Он, в золотом солнечном окладе, как святой угодник, повернулся на голосок. В дверях стояла девочка лет семи с летними выгоревшими волосками, чумазым носом и таким же хитрым, как у казака, взглядом.
— Что ты такое, Дашутка, гутаришь? — переспросил отец для порядка.
Дашутка повторила все слово в слово на той же самой единственной ноте, после чего, на всякий случай, втянула голову в плечи. Отец, хмыкнув, вогнал шило в деревянный стол от греха подальше. Вот и вожжи, кстати! Табуретка какое-то мгновение балансировала на двух ножках, но тут, должно быть, солнечный луч подтолкнул ее, и она грохнулась об пол.

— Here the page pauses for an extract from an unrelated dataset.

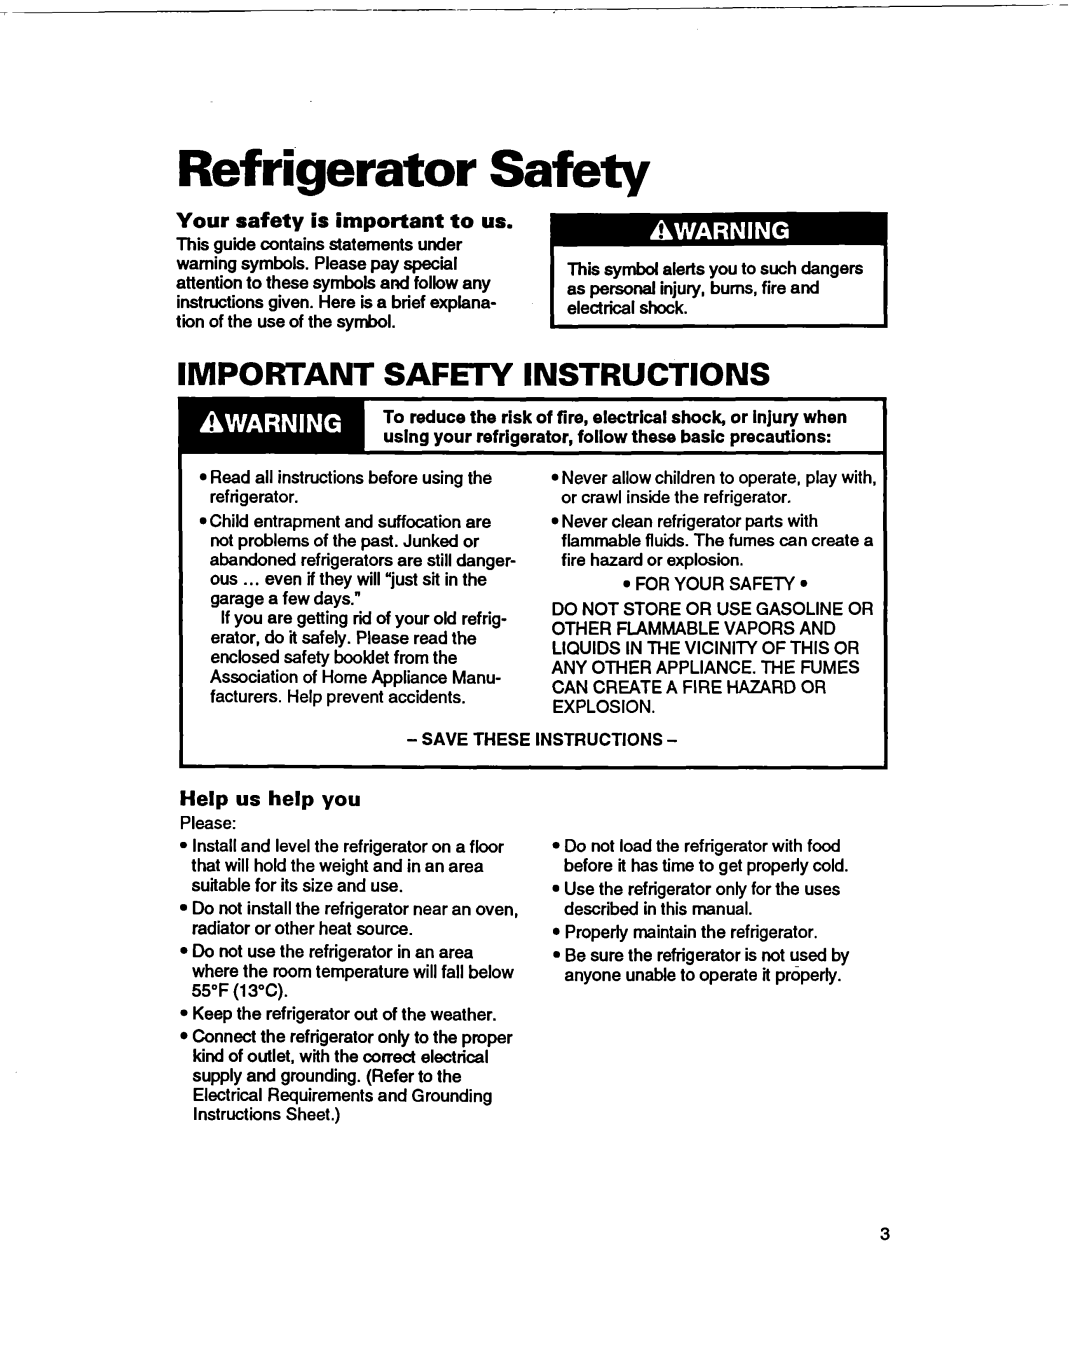 Whirlpool RT20DKXDN00 Refrigerator Safety, IMPOWANT SAFEl-YINSTRUCTIONS, Your safety is important to us, Help us help you 
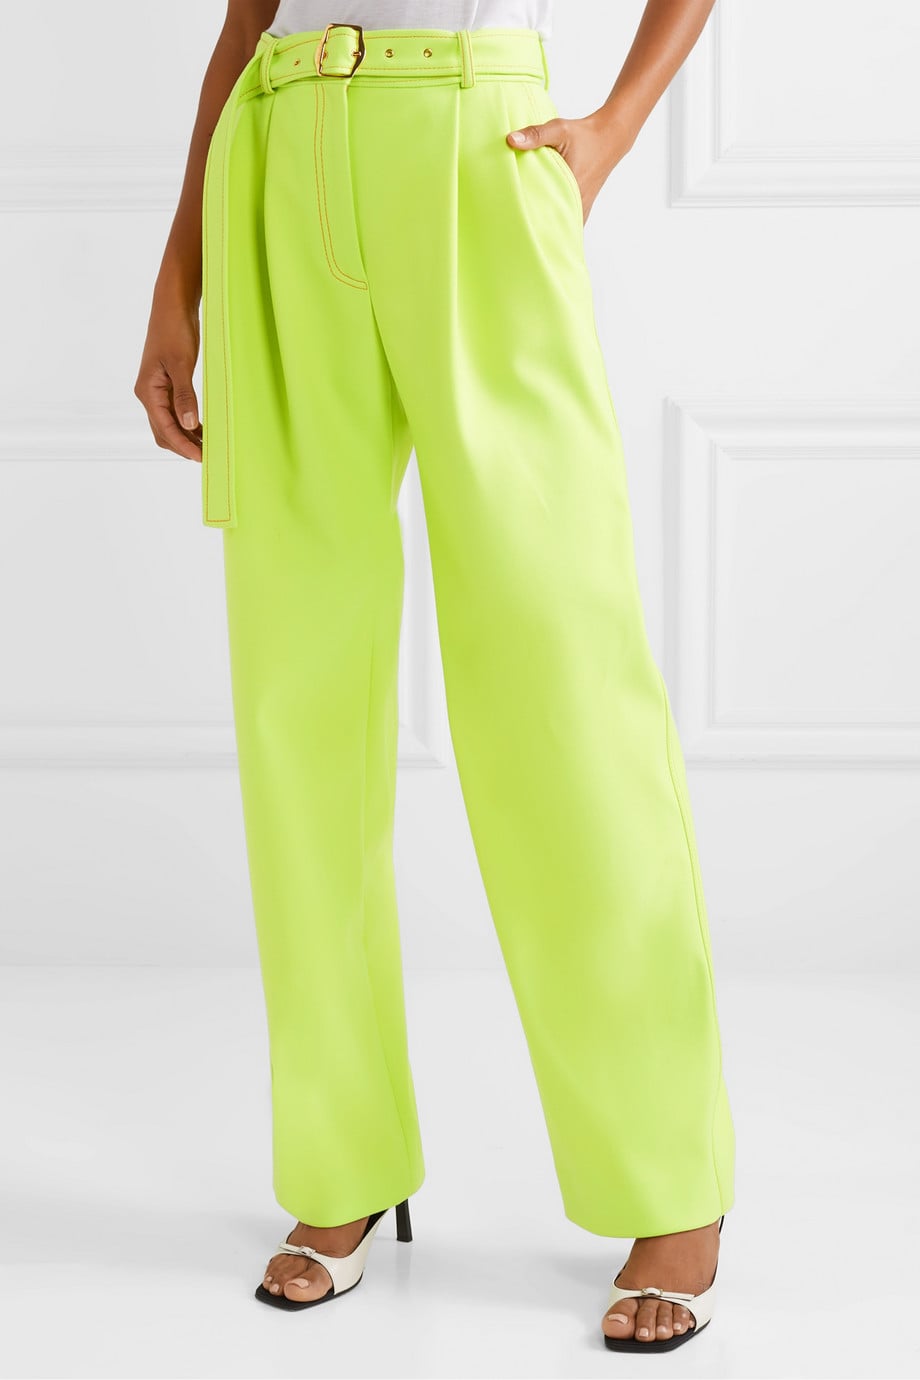 Sies Marjan Blanche belted pleated twill wide-leg pants | 7 Fall

Но пока табуретка балансировала, как в китайском цирке, Михаил Александрович Хуторной уже выбежал во двор с вожжами наизготовку. Катену по точному донесению младшенькой сестрицы он обнаружил сразу. Отроковица сидела на старой колоде, закусив от усердия темную косу и заведя глаза на манер кающейся Марии Магдалины. Перед ней лежал мелко исписанный листок плотной бумаги и плошка с черничным вареньем. Больше всего Михаила Александровича почему-то возмутило прекрасное гусиное перо, видимо, только что гулявшее на заднем дворе в крыле любимого им боевого гусака.
Казак Хуторной полюбовался еще немного на вдохновенную отроковицу и занес над ней свежепочиненные вожжи. Тут ему и вспомнилась прошлогодняя Москва, восставшие рабочие кварталы, баррикады, дружинники с красными ленточками, гулкий стук копыт по обледенелым мостовым. Вспомнилась ему и демонстрация студентов, когда грудью своего Разлетного он бросил на землю очкастого горлопана, а потом погнался за кем-то, свернувшим в переулок. Когда он занес над головой нагайку, между ушей Разлетного увидел разметавшиеся косы. Баба! Даже совсем девчонка… Не пожалел ее тогда казак Хуторной, всыпал по первое число, но не по лицу, не по голове, а низко пригибаясь к седлу, по-отцовски. Что-то еще демонстрантке наказал на прощанье…
Сразу же перехватило дыханье, подкатило. Прав был старикашка-доктор с жиденькой бородкой: нельзя ему было быстро ходить и руками махать. Пуля дружинников задела легкое, а оно, хоть так называлось, но тяжесть от него была такая, что в глазах темнело. Но ведь ту, чужую деваху, казак Хуторной тогда не пожалел, а свою дочурку, выходит, помилует. Был казак Хуторной честен перед Богом и людьми, потому превозмог себя, перекрыл кое-как мышцами ли, кишками какими дырочку в легком и стеганул вожжами по широкой Катькиной спине наискосок.
Взлетела Катена высоко, взвизгнула еще выше, а перышко гусиное в черничном варенье под плетень полетело.
— Вы что, батяня?! Больно же бьетесь! — закричала уже побасовее.
— Ах, тебе больно, бумагомарака?! — удивился Михаил Александрович. — Я же хотел тебе медку еще к вареньицу принести. Пусть, думаю, Катена сладеньким на бумажке напишет. Так решил — вожжами-то будет сподручней. Вожжами на спине писать куда как легче.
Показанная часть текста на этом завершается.